**How to complete this task**
Where the lines below hold images, skip those and copy every word exactly.

**Data shown**
'''

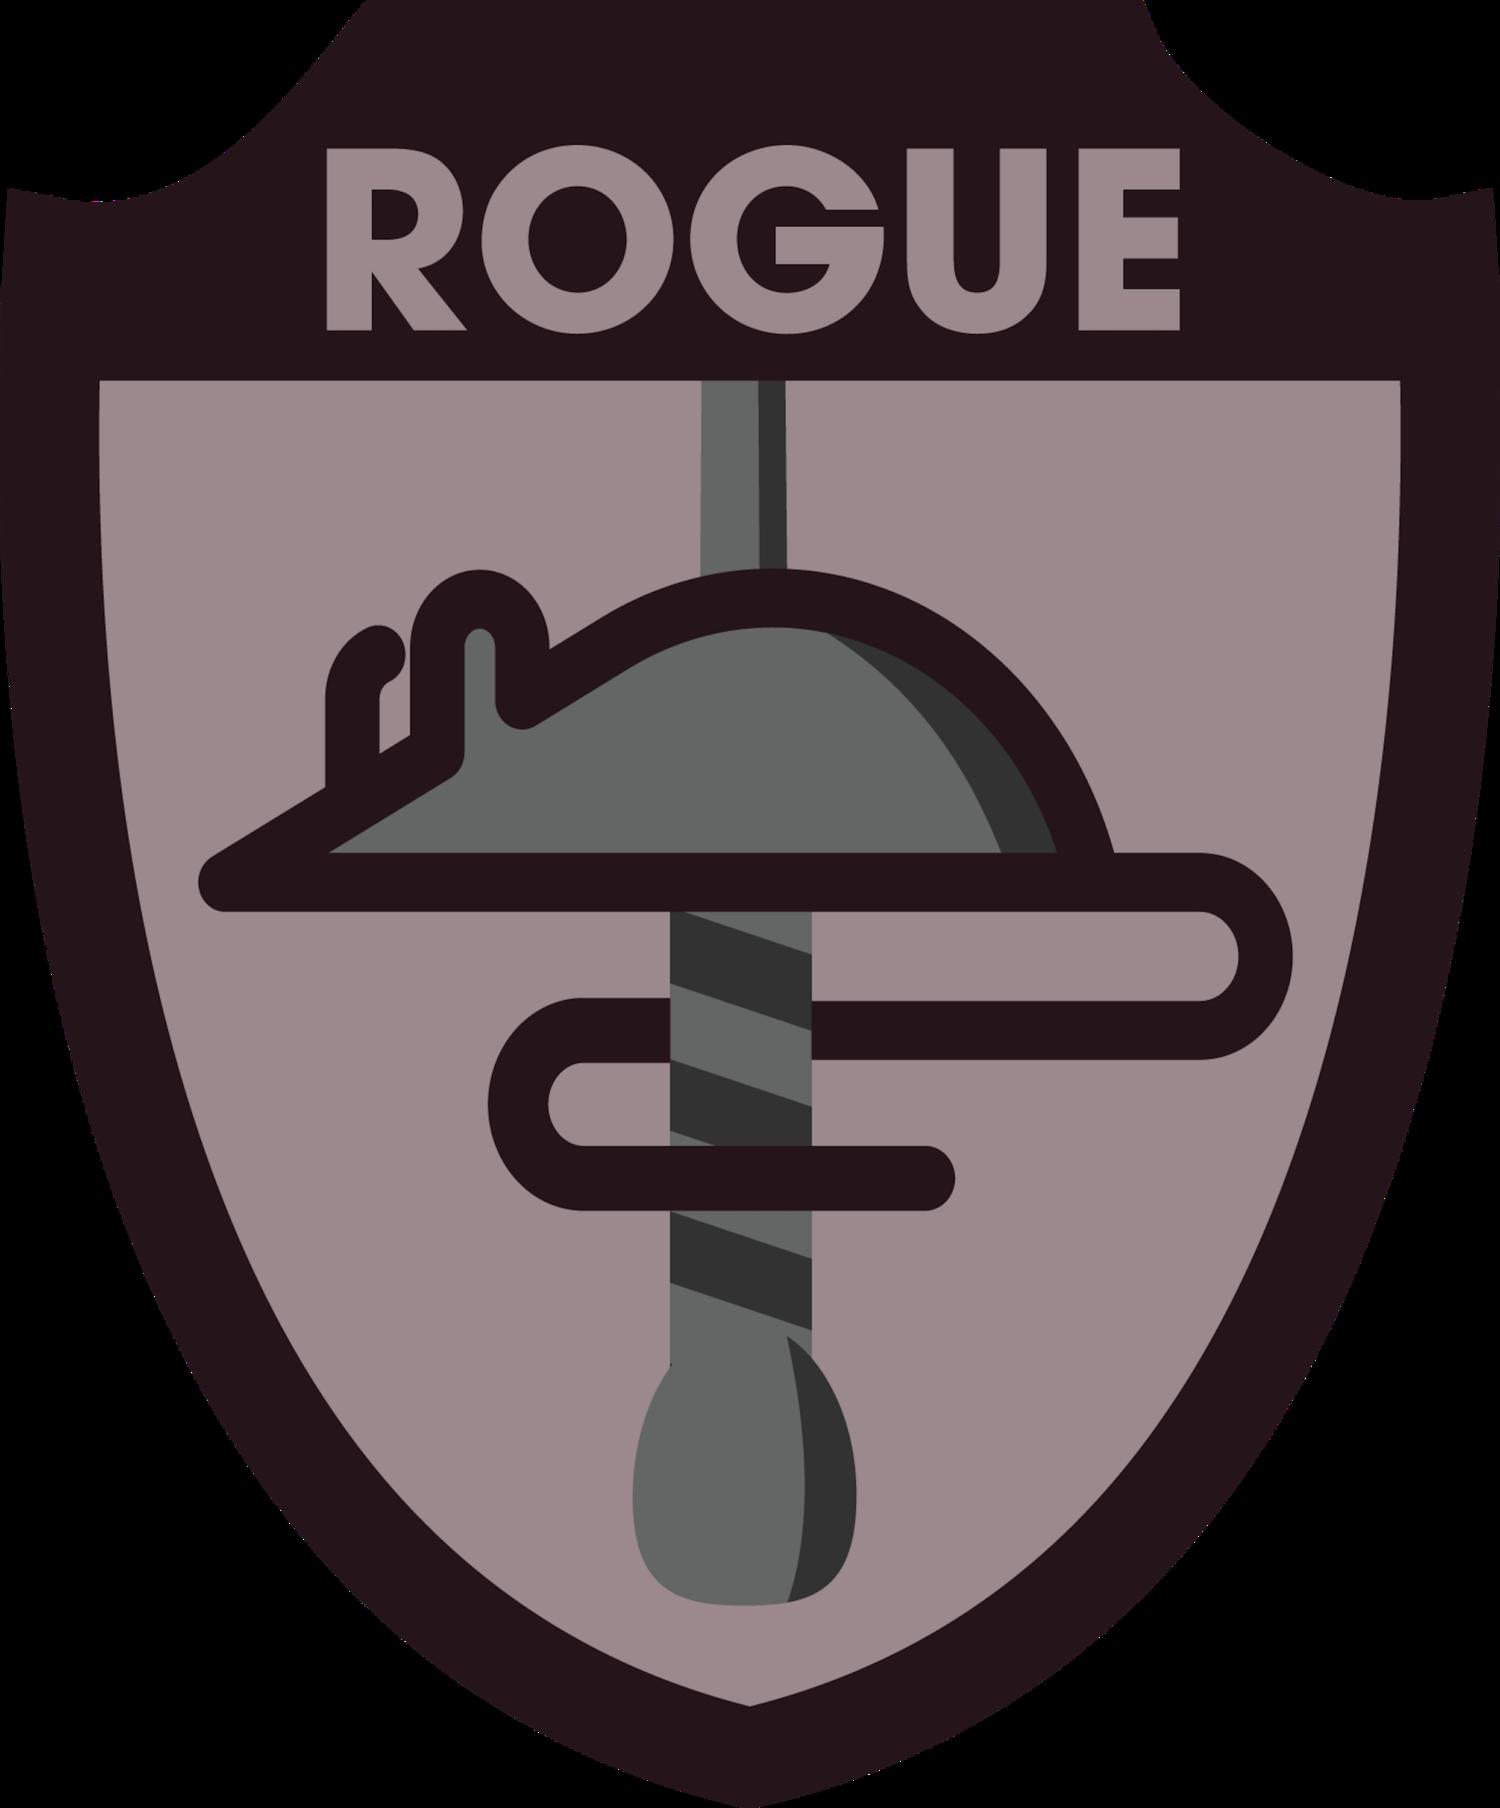 Riposte Harlem — Rogue Fencing.
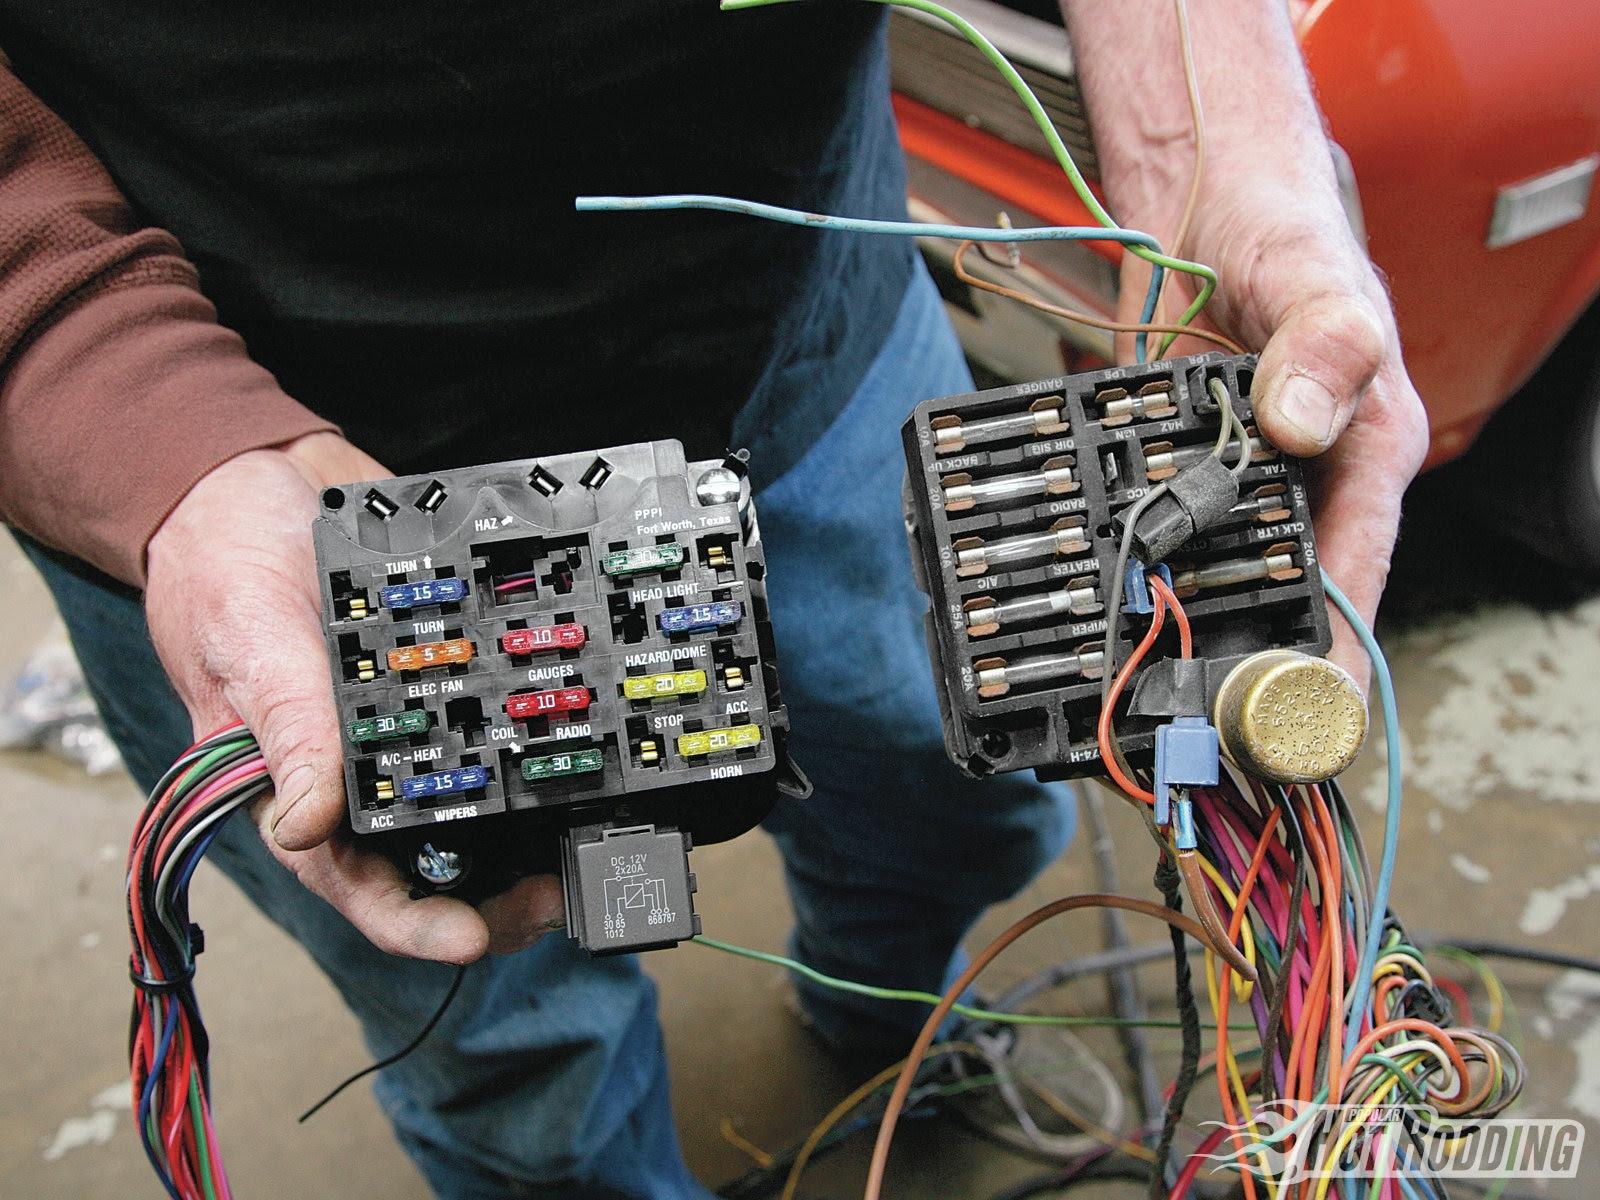 72 Nova Wiring Harness California Electric Guitar Ccd0095 Wiring Diagram Bege Wiring Diagram
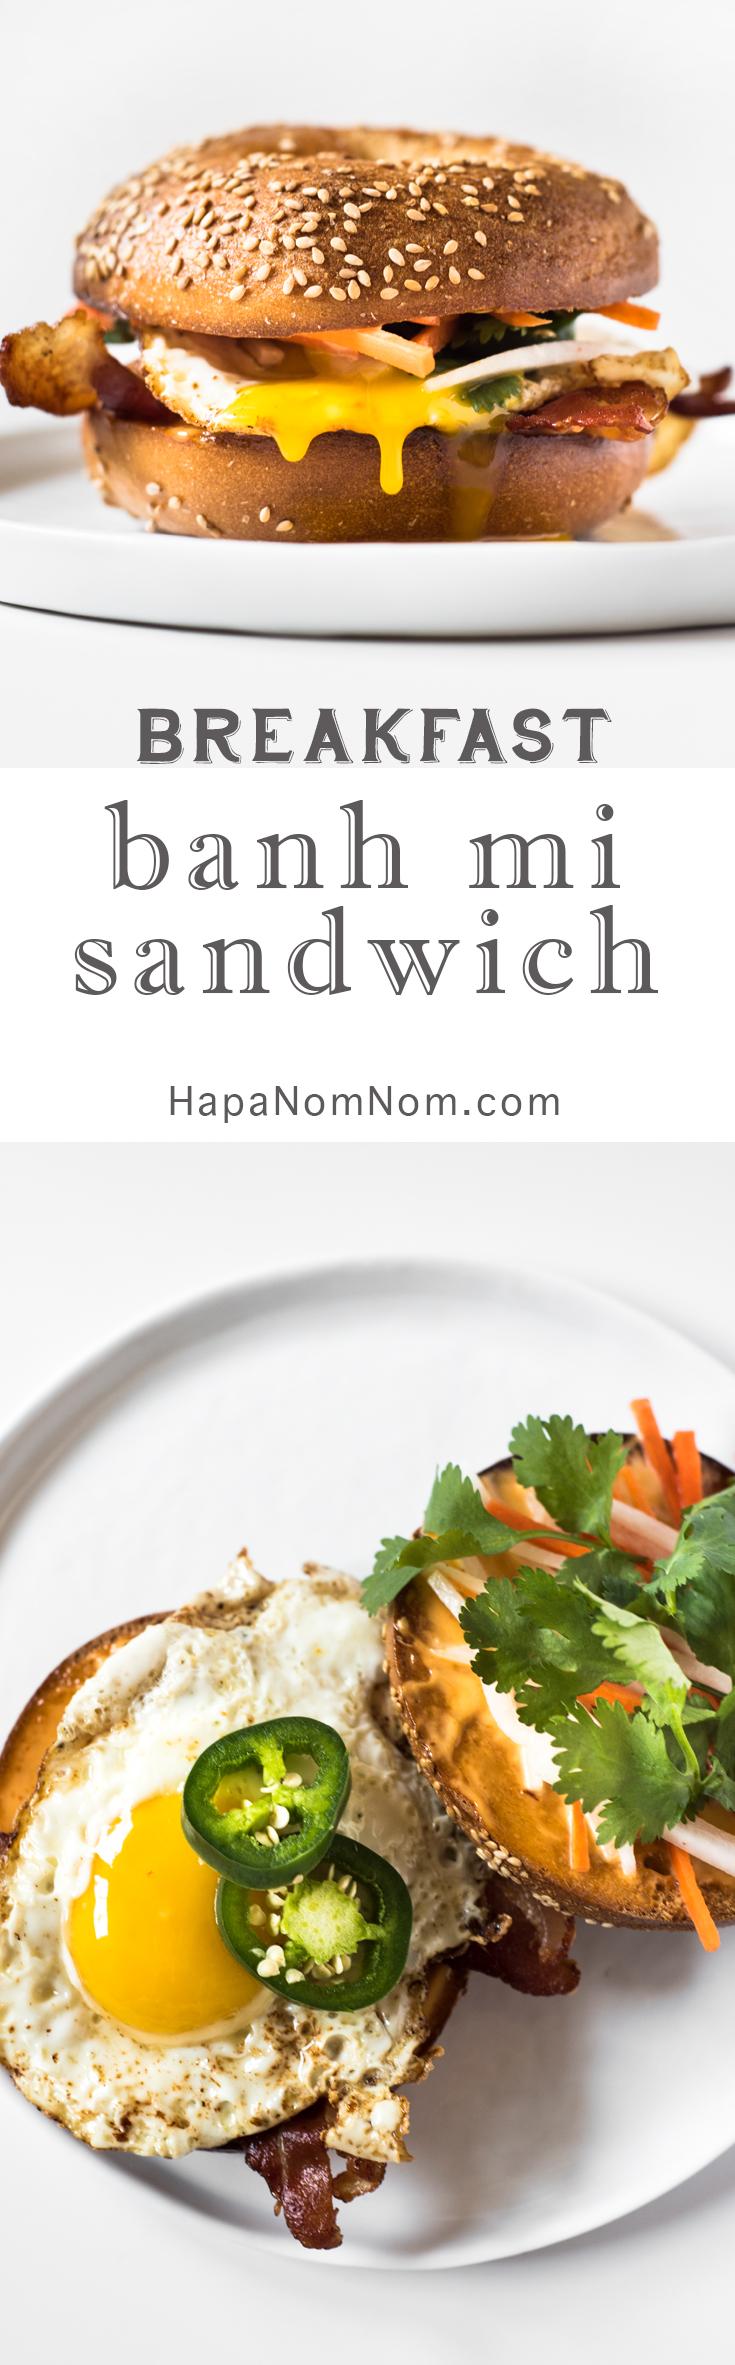 Breakfast-Banh-Mi-Pin1.jpg

'''

**Solved exercise**
 Riposte Harlem — Rogue Fencing.
 72 Nova Wiring Harness California Electric Guitar Ccd0095 Wiring Diagram Bege Wiring Diagram
 Breakfast-Banh-Mi-Pin1.jpg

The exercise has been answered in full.